South Africa still fights against high unemployment levels. Only around 43% of the population at working age has a full-time job, according to the OECD. About 19% of the employed people work long hours, with 23% men and 14% women putting in additional time on the clock. Also, a third of employees in South Africa feel that their employers do not value their work-life balance, according to a Targus NoMoreExcuses Survey. The same survey revealed that 63% of employers do not allow remote working.

Turkey

Turkey is the country with the highest proportion of people working very long hours, which is around 34%. The country does offer paid maternity leave, but only for 16 weeks in total for one child, or 18 weeks for multiple pregnancies.

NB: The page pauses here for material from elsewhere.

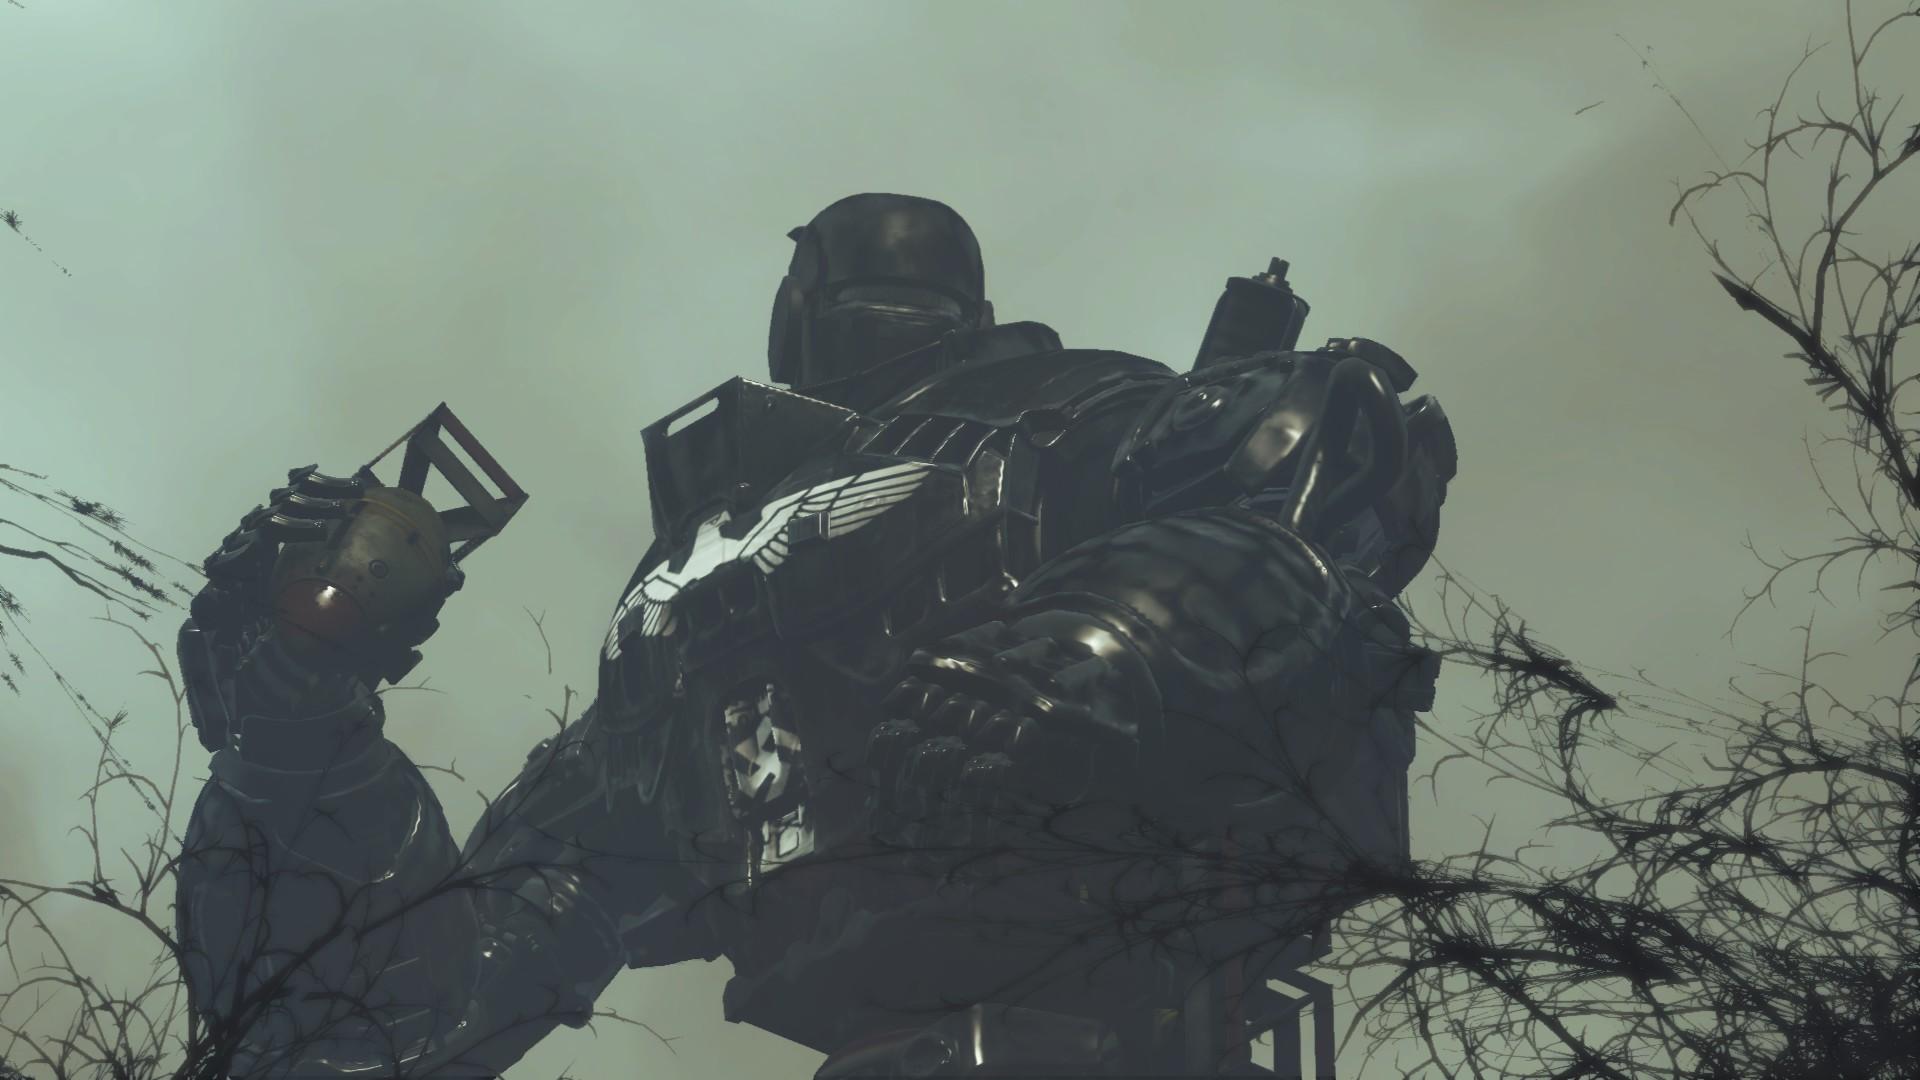 Fallout 4 nazi mod ps4

The work-life balance in the country is dire, which is caused by a woeful governmental and social policies.

Mexico

In Mexico, 61% of people between the ages of 15 to 64 has a paid job that is lower than the overall average. The Index shows that 30 percent of workers work over 50 hours a week, which is a large increase on the average. The maternity leave granted to Mexican women is very short, and only those in formal employment has this opportunity. The country has one of the highest child poverty rates in the OECD, as one in four Mexican children lived in poor households in 2011. Mexico also has one of the longest average daily commute times, adding a lot of time working and commuting. Employers in Mexico don’t usually offer flexible work arrangements for parents and have an imbalanced work culture.

United States

Generally, Americans need to take a break. The US is the only OECD country without a paid parental leave policy. About 11.7 percent of employees in the US work long hours, and people have an average of 14.5 leisure hours in a day. It’s one of the countries that have the worst work-life balance attributing to long work hours and a lack of social activities. The country also has no federally-mandated sick leave policy or a maximum number of hours employees can work per week. Americans have got more productive in the past few decades, but the wages have not increased that much.

Denmark

The Danes are lucky to have one of the shortest workweeks in the world at an average of 39.7 hours. The employees in Denmark devote 15.9 hours to leisure and personal care. Also, the country provides childcare for children up to the age of six, allowing parents to go back to work with ease. Also, the parents are entitled to get 52 weeks of paid maternity leave.